= Beanie Babies 2.0 =

Brand of stuffed toys

Beanie Babies 2.0 were a brand of stuffed toys, a spin-off of the popular Beanie Babies line, announced by Ty Inc. on January 2, 2008. The group was introduced following the retirement of all retail Beanie Babies (barring exclusive international and store-specific styles, as well as licensed characters) that had been produced prior to 2004.

Each toy came with a special code. Once the buyer entered the code on Ty's website, the buyer was granted access to an online environment, in which the user could gather points and communicate with other users through chat services. The chat is similar to child-friendly games such as Club Penguin, which allow pre-selected prompts to be used if the user has not been given permission (presumably from their parents) to access the full chat, where anything can be typed. The prompts could also be used in addition to full chat. The website offered various activities, including opportunities to make friends.
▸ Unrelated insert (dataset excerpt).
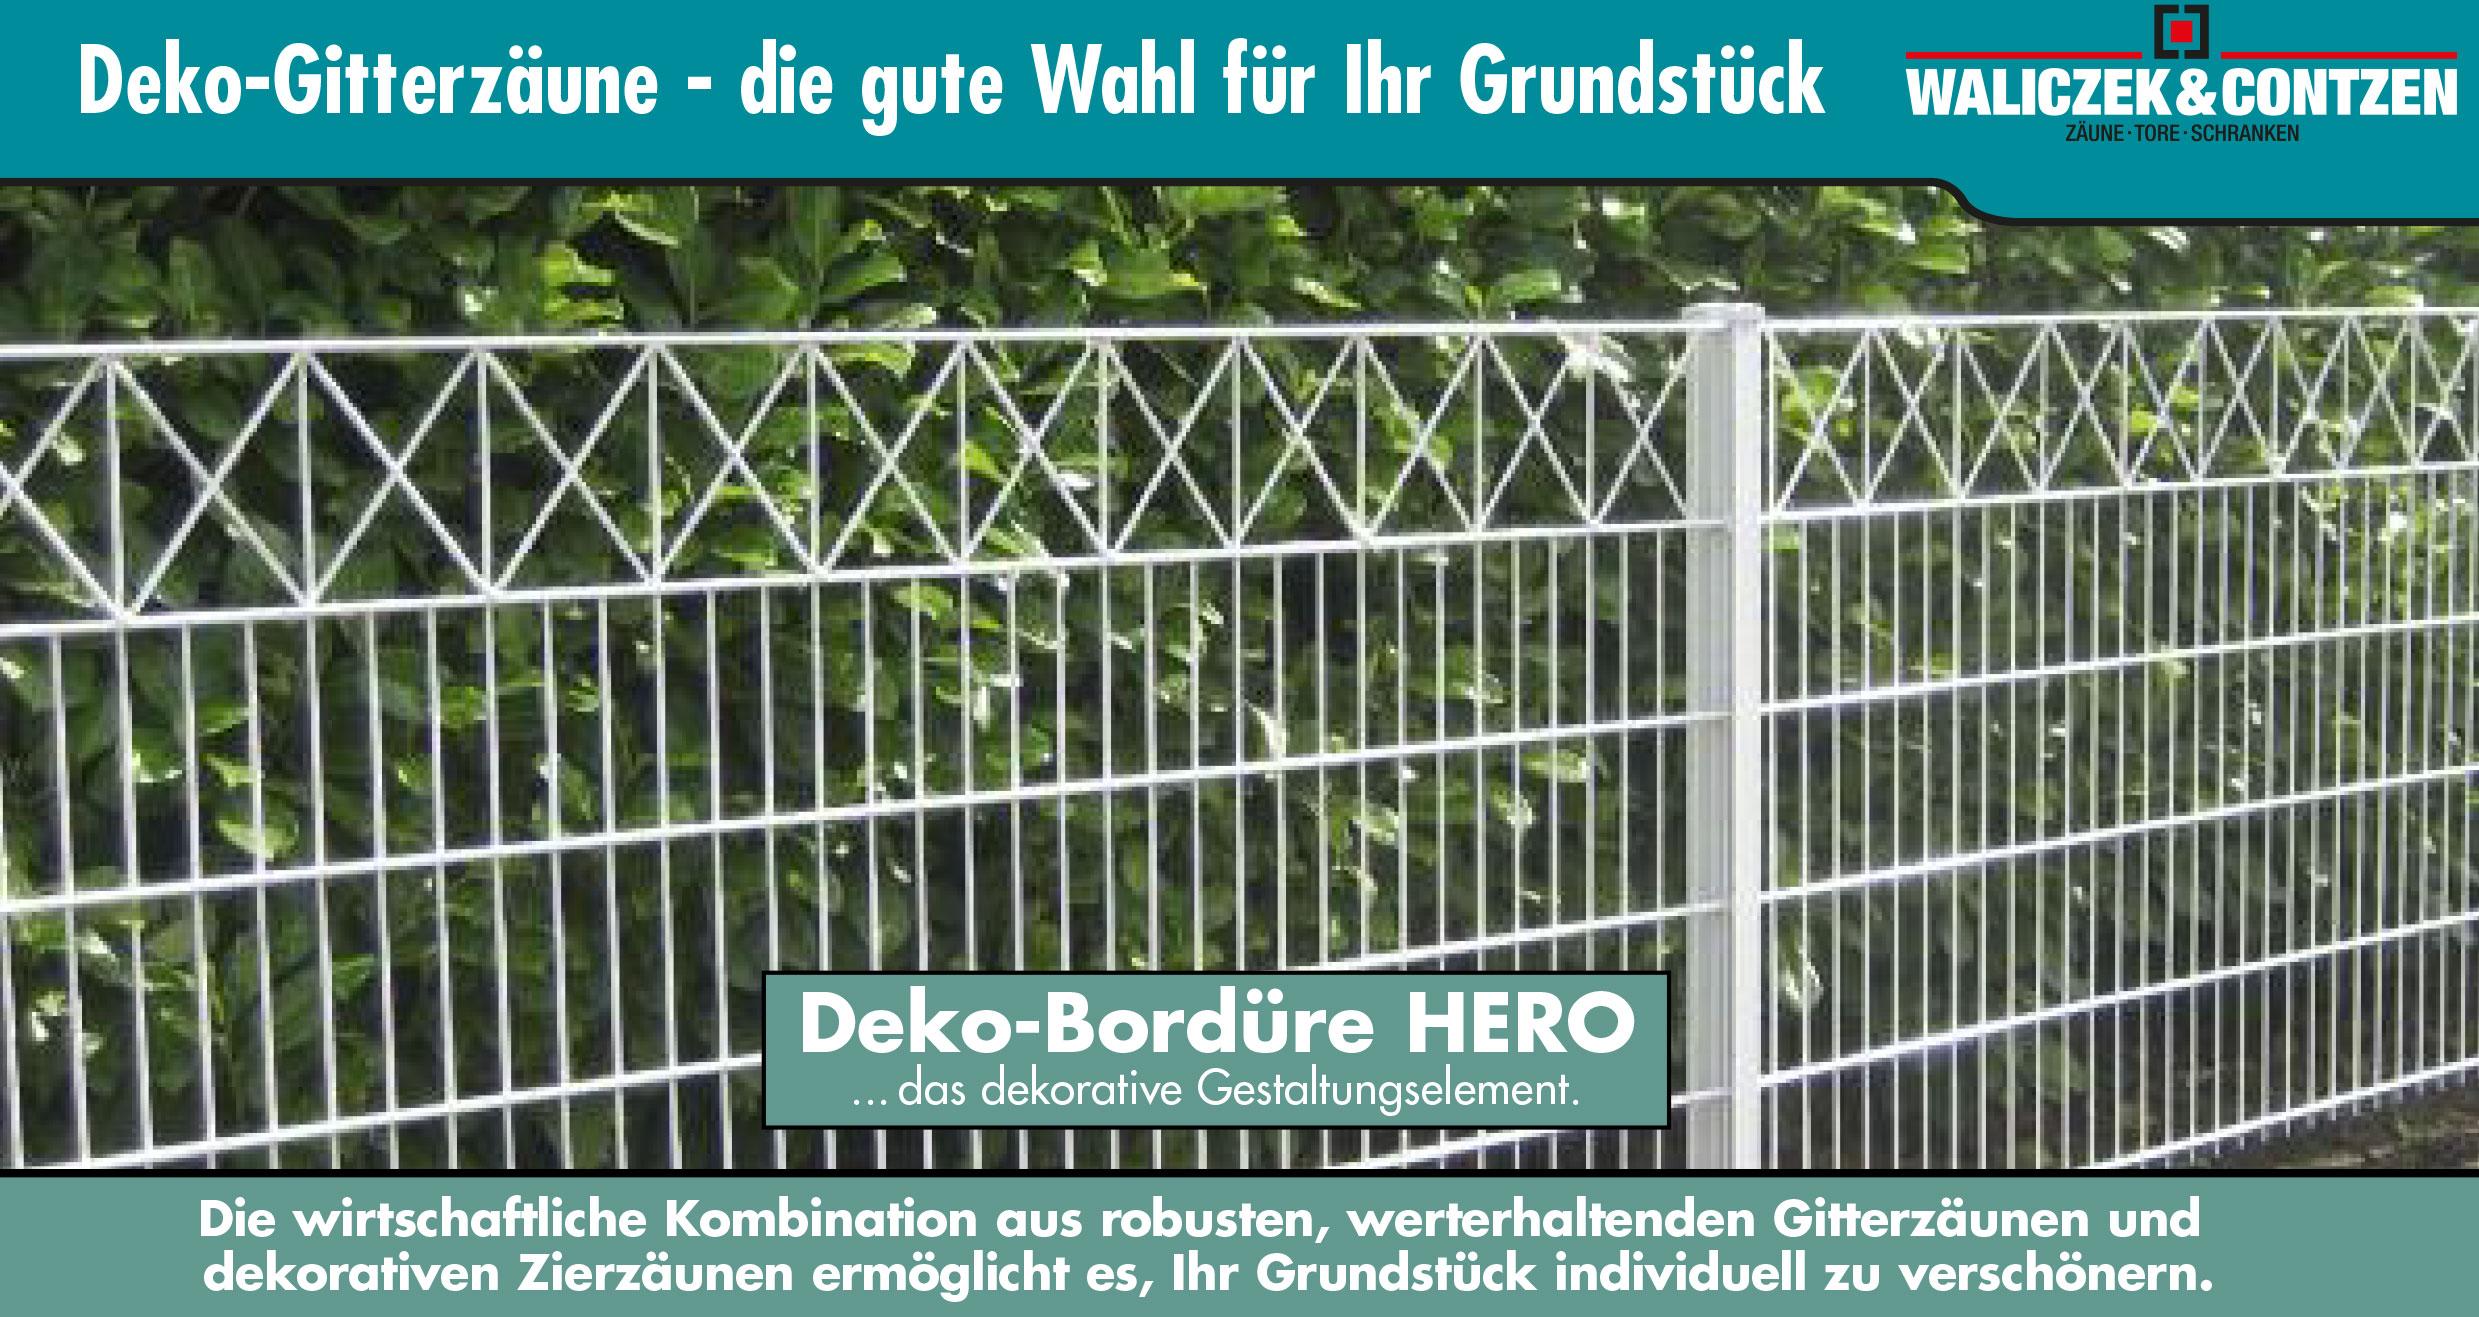 Deko-Gitterzäune – Waliczek & Contzen GmbH

Buyers with a Ty Girlz account and a Beanie Baby 2.0 also had access to the Beanie Babies 2.0 site.

With Bo the Portuguese Water Dog being the last official Beanie Baby 2.0 (announced in April 2009) and the introduction of a new offshoot line of Beanie Babies called Beanie Boos, it was unclear as to whether the company had discontinued production of Beanie Babies 2.0 or whether future releases would be announced. In January 2010, in the new Ty spring catalog, the Beanie Babies 2.0 styles were shown merged with regular Beanie Babies, thus confirming that the line had been discontinued. For some time, the online site still maintained its functionality, and many Beanie Baby 2.0 styles still remain current. However, many styles, such as Ming the panda bear and Topper the giraffe, now sport original Beanie Baby hang tags without codes.

On June 7, 2013, the Beanie Babies 2.0 virtual world was officially closed, along with the Ty Girlz virtual world.